Data provided:
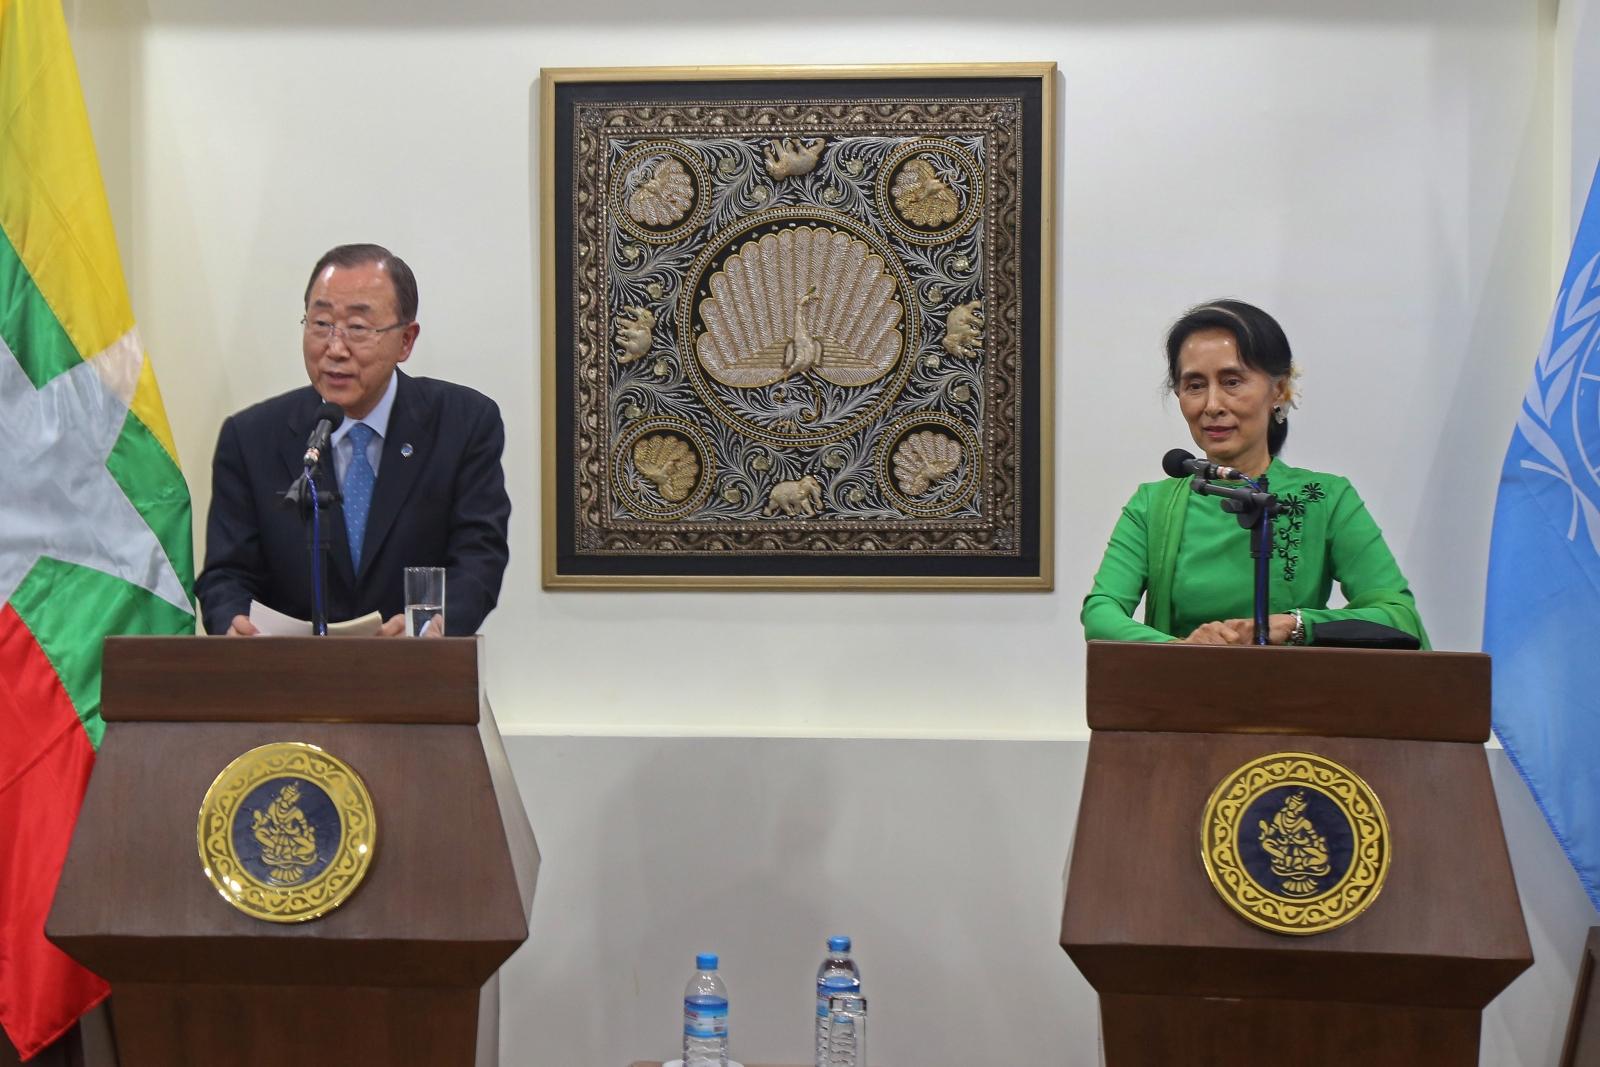 Aung San Suu Kyi Hosts Ethnic Minorities In Myanmar
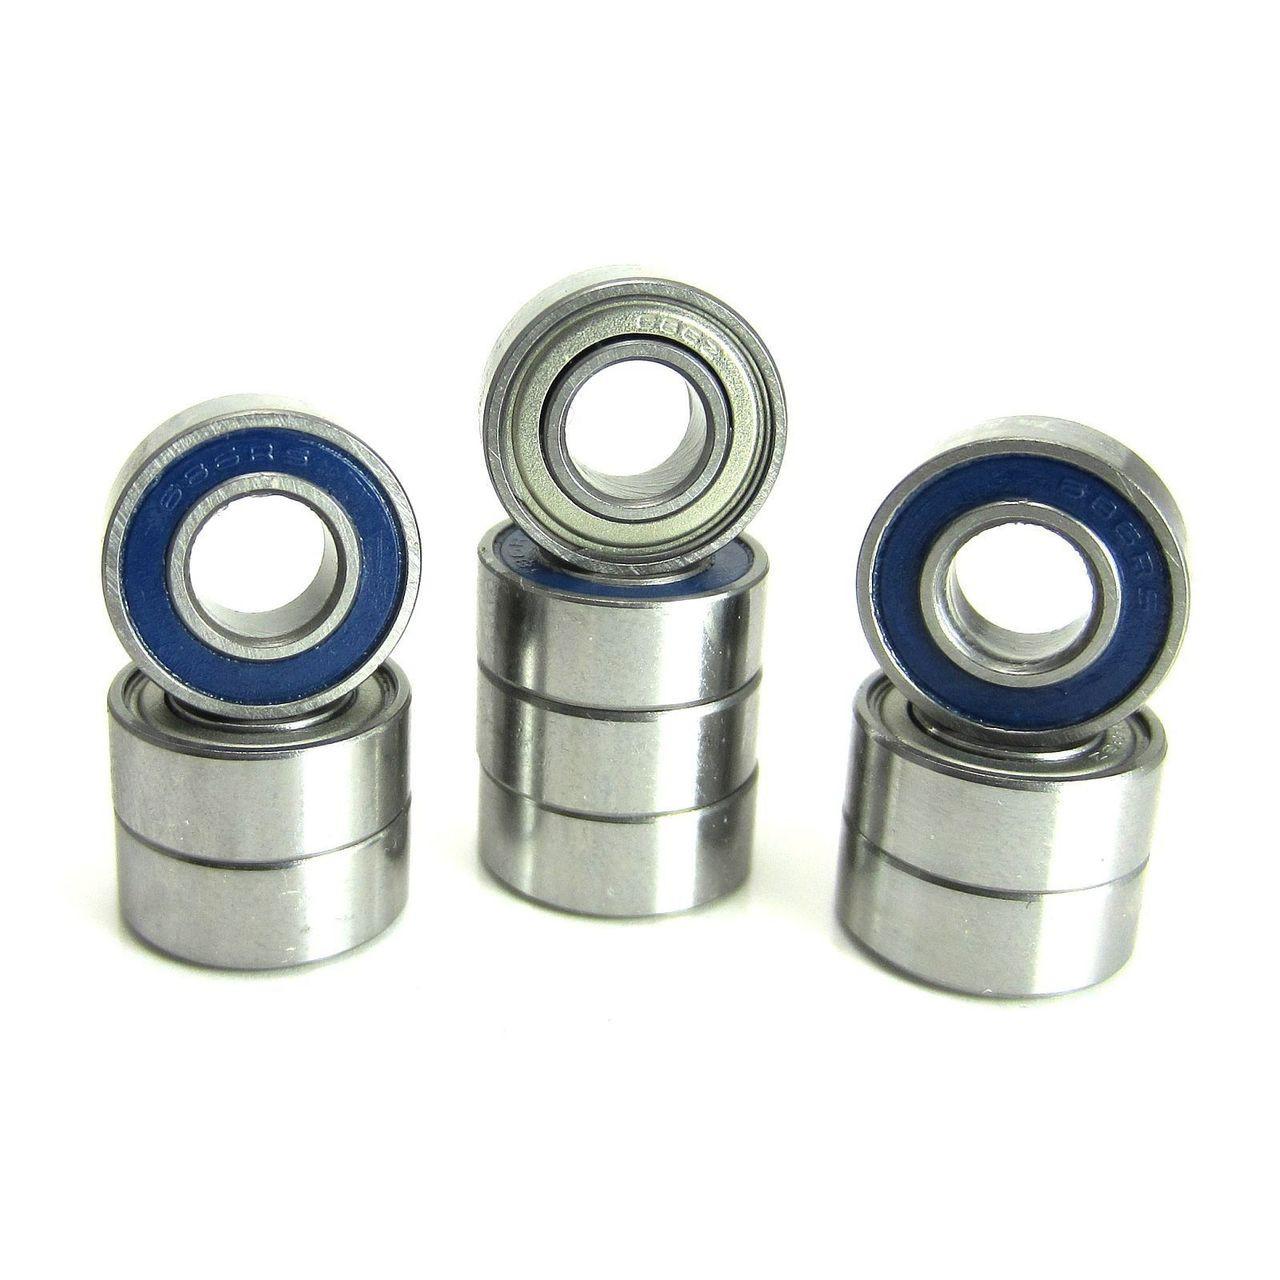 TRB RC 6x13x5mm Precision Ball Bearings ABEC 5 Hybrid Seals BLU (10)
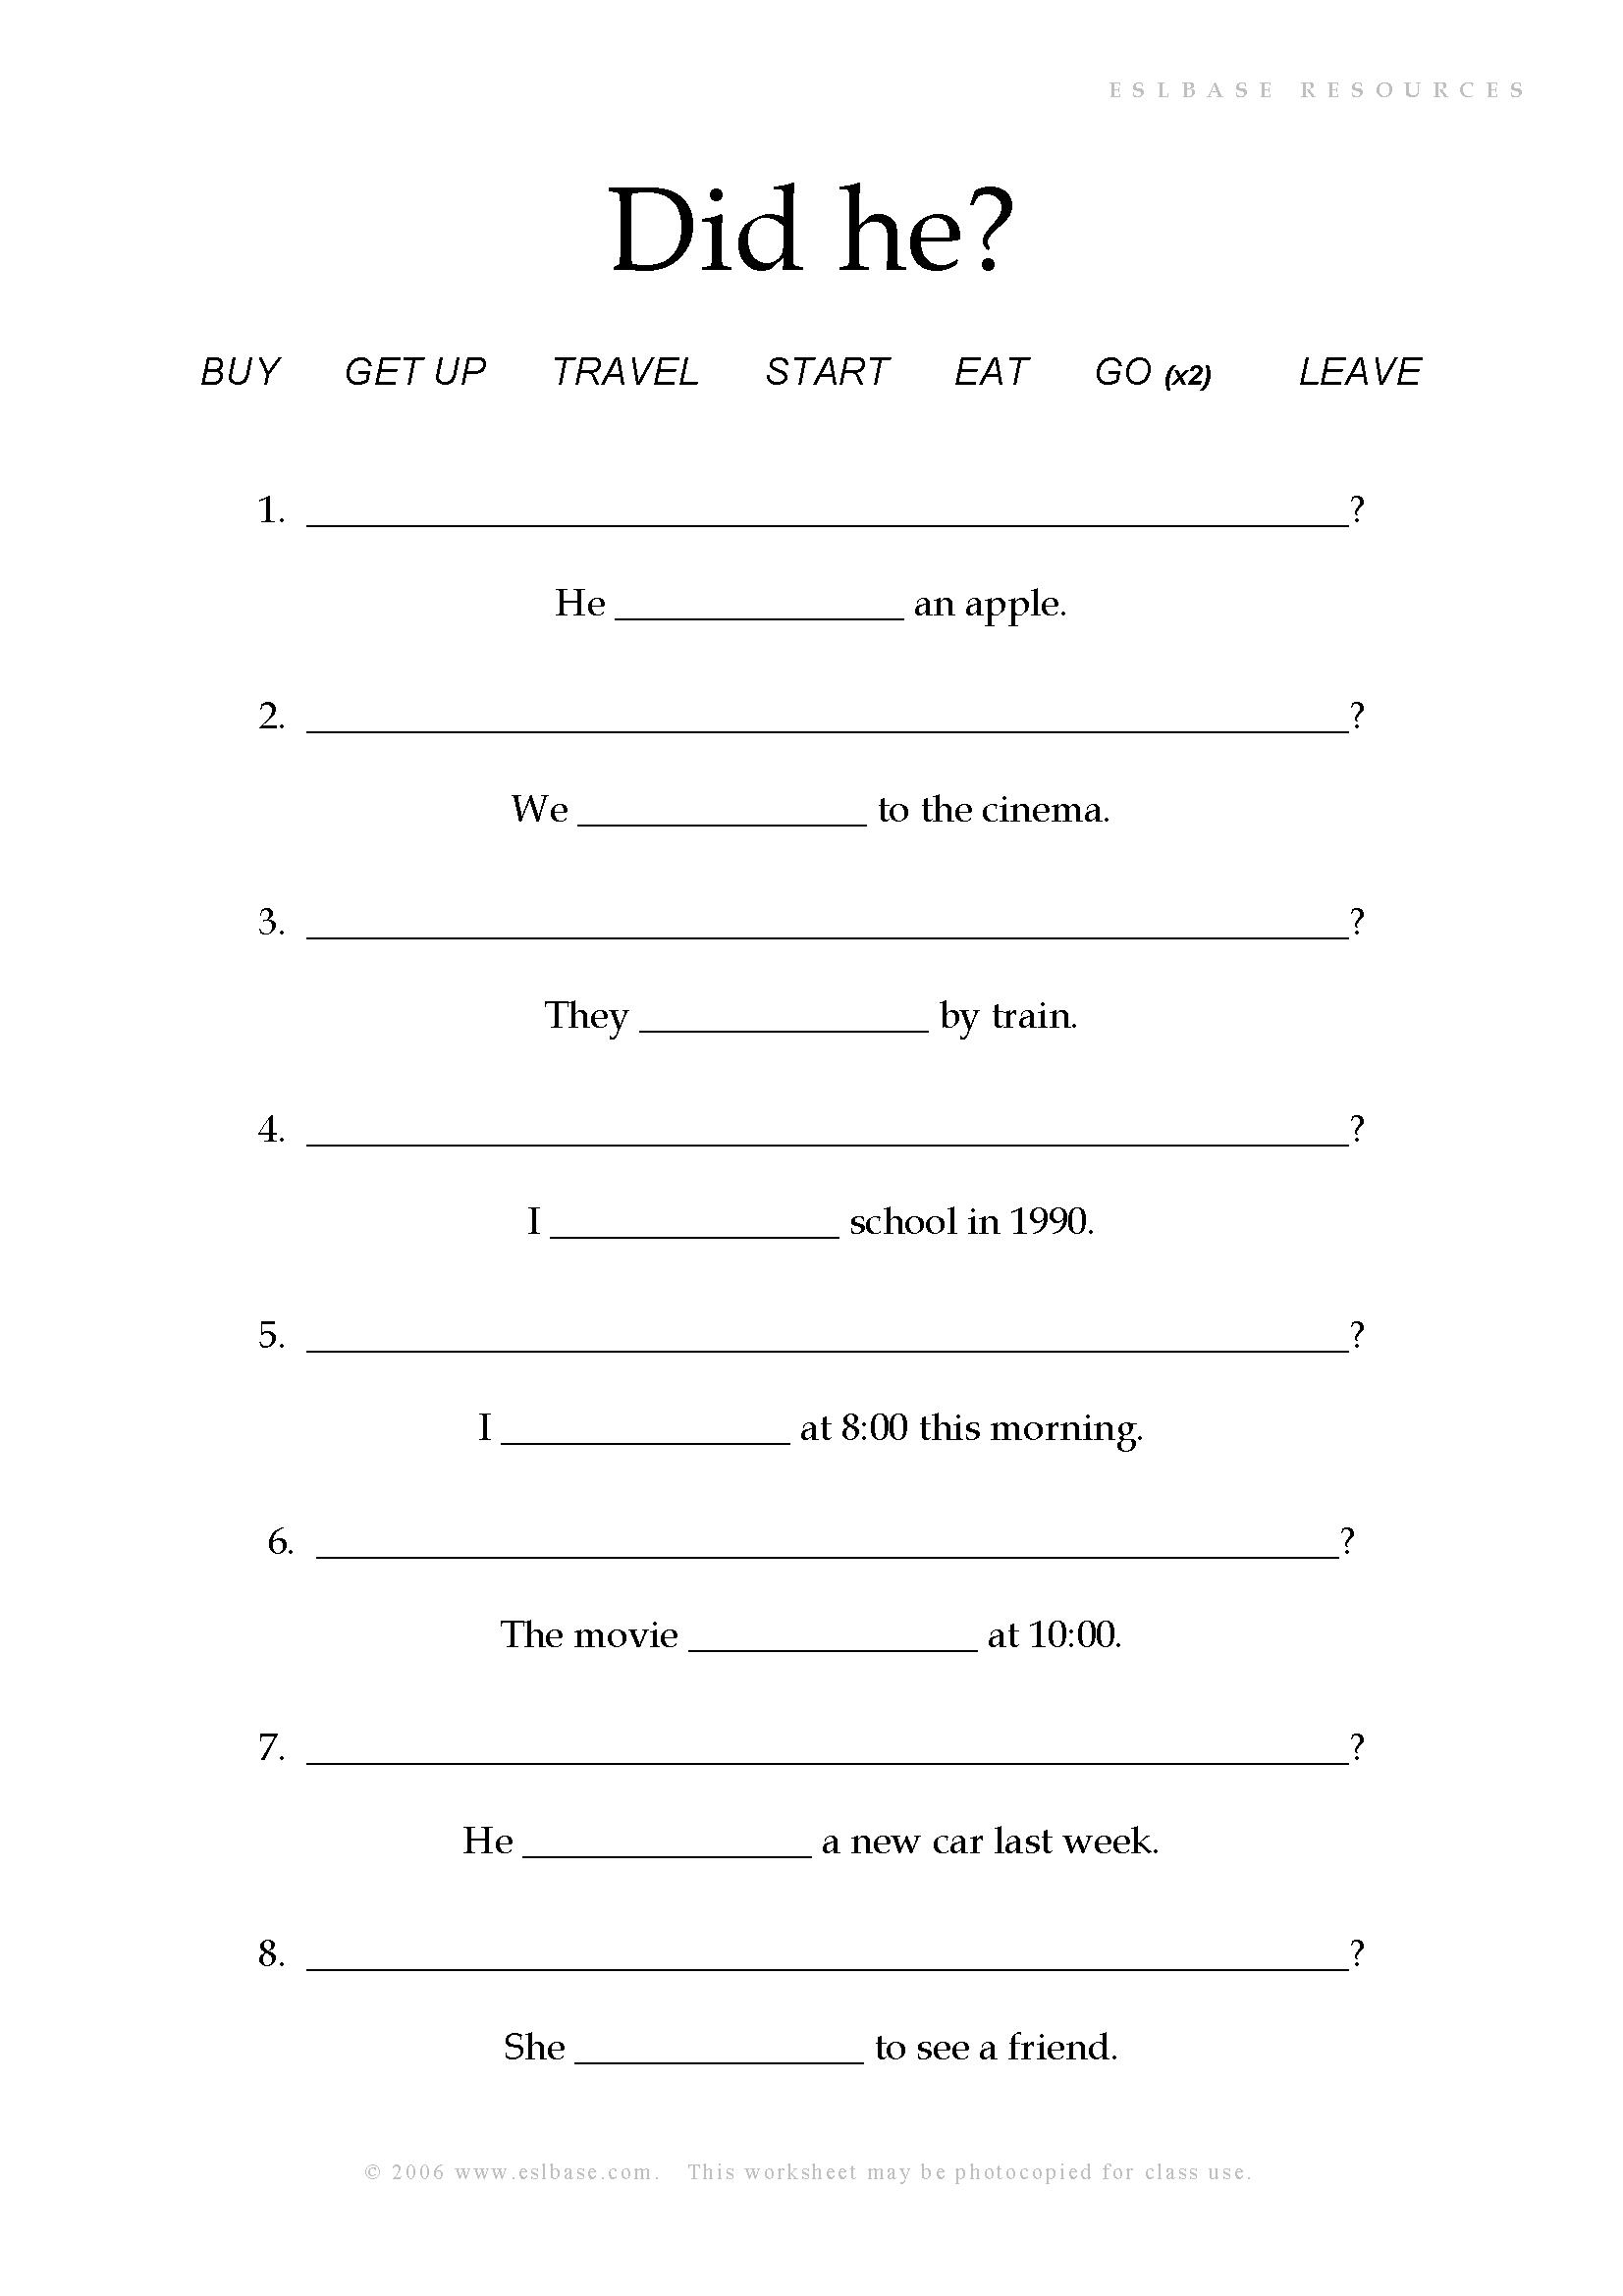 Past Simple Questions Worksheet - Eslbase.com

Problem statement:
The result should be the same data as above, line for line, with the pictures gone.

Written solution:
 Aung San Suu Kyi Hosts Ethnic Minorities In Myanmar
 TRB RC 6x13x5mm Precision Ball Bearings ABEC 5 Hybrid Seals BLU (10)
 Past Simple Questions Worksheet - Eslbase.com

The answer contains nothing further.